North Passage Island

Geography
- Location: Bay of Bengal
- Coordinates: 12°17′N 92°56′E﻿ / ﻿12.28°N 92.93°E
- Archipelago: Andaman Islands
- Adjacent to: Indian Ocean
- Area: 12.81 km^{2} (4.95 sq mi)
- Length: 8.7 km (5.41 mi)
- Width: 4.4 km (2.73 mi)
- Coastline: 30.23 km (18.784 mi)

Administration
- India
- District: North and Middle Andaman
- Island group: Andaman Islands
- Island sub-group: East Baratang Group
- Taluk: Rangat Taluk
- Largest settlement: Merk Bay

Demographics
- Population: 3 (2016)
- Pop. density: 0.23/km^{2} (0.6/sq mi)
- Ethnic groups: Hindu, Andamanese

Additional information
- Time zone: IST (UTC+5:30);
- PIN: 744203
- Telephone code: 031927
- ISO code: IN-AN-00
- Official website: www.and.nic.in
- Literacy: 84.4%
- Avg. summer temperature: 30.2 °C (86.4 °F)
- Avg. winter temperature: 23.0 °C (73.4 °F)
- Sex ratio: 1.2♂/♀
- Census Code: 35.639.0004
- Official Languages: Hindi, English

= North Passage Island =

Island of the Andaman Islands

North Passage Island is an island of the Andaman Islands.
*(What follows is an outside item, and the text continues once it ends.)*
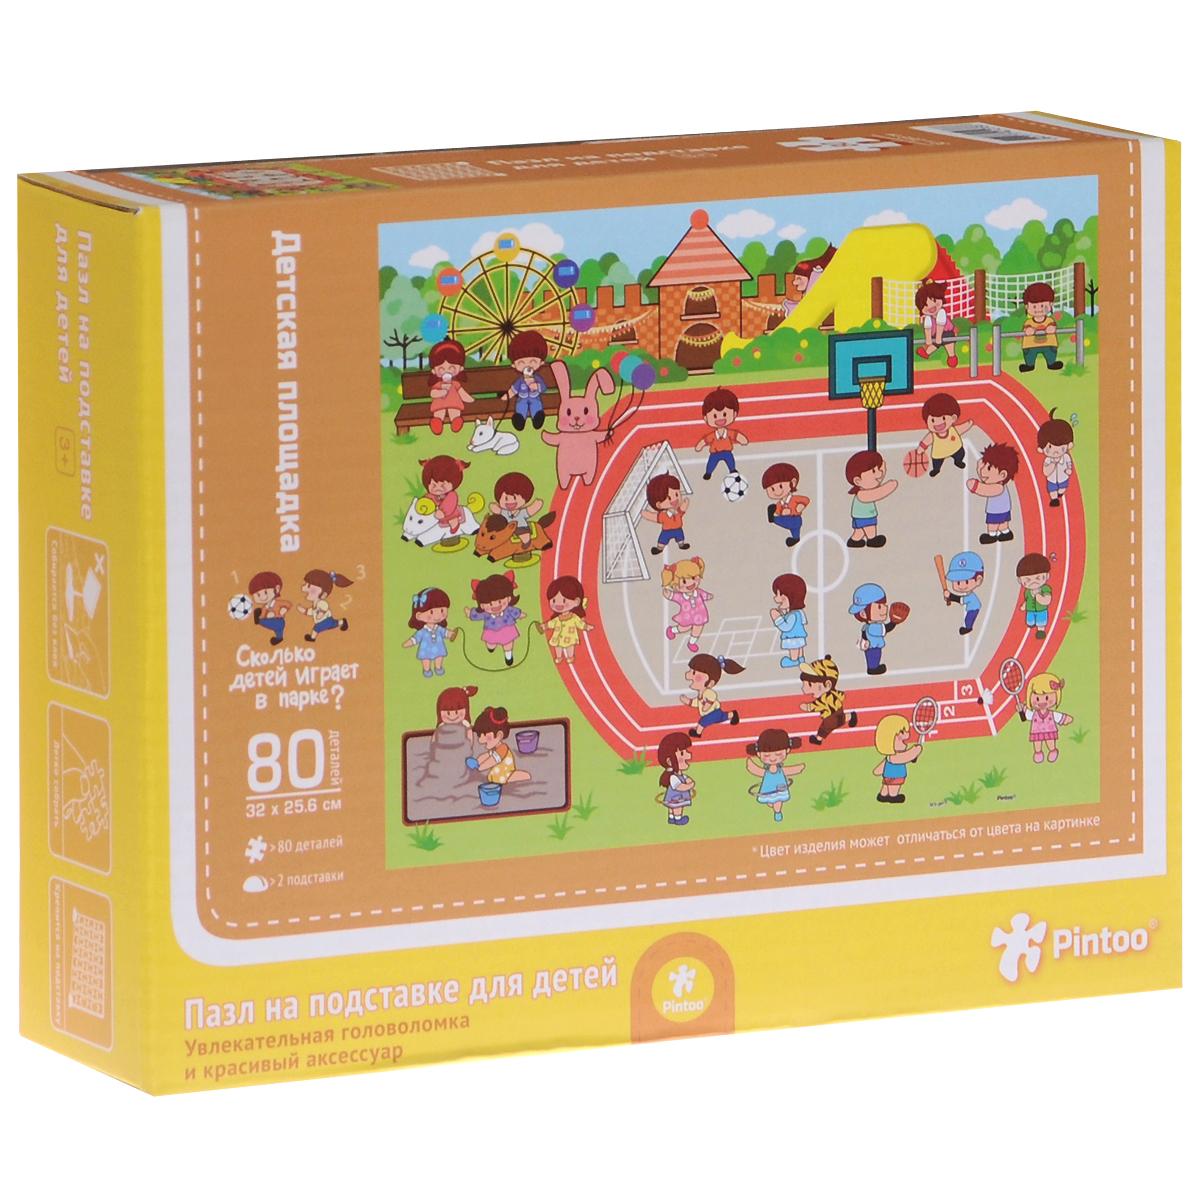 Детская площадка. Пазл на подставке, 80 элементов4607177452388Пазл Детская площадка - прекрасный способ провести время увлекательно и с пользой. В набор входят 80 пластиковых элементов, с помощью которых ваш ребенок сможет собрать картинку с изображением детской площадки с играющими на ней детьми. Элементы пазла плотно фиксируются между собой без клея и образуют прочную конструкцию. В комплекте 2 пластиковых подставки под собранный пазл. Собирание пазла развивает мелкую моторику рук ребенка, тренирует наблюдательность, логическое мышление, знакомит с окружающим миром, с цветом и разнообразными формами.

It belongs to the North and Middle Andaman administrative district, part of the Indian union territory of Andaman and Nicobar Islands. The island lies 80 km north from Port Blair.

==Geography==
The island belongs to the East Baratang Group and lies east of Baratang and Colebrooke Island. It is 3 nmi south of Long Island. 95% of the island is a wildlife reserve.
The Cape Portman lighthouse, with a focal plane 29 m (95 ft); white flash every 5 s. This lighthouse marks the northern entrance to Diligent Strait. Located on a sharp cape at the northern tip of North Passage Island.

==Administration==
Politically, North Passage Island, along neighboring East Baratang Group, is part of Rangat Taluk.

== Demographics ==
There is only 1 village, located at Merk Bay.
North Passage Island in Andaman and Nicobar has very diminutive history of habitation, other than erratic visits from different sects of the Great Andamanese. Just about 100 acres of land behind Merk Bay beach was handed over to the Agriculture Department of Andaman Islands four decades ago. This was done in order to set up a coconut plantation. The only inhabitants of this island at present are representatives of the Forest Department and caretakers of the Coconut Plantation.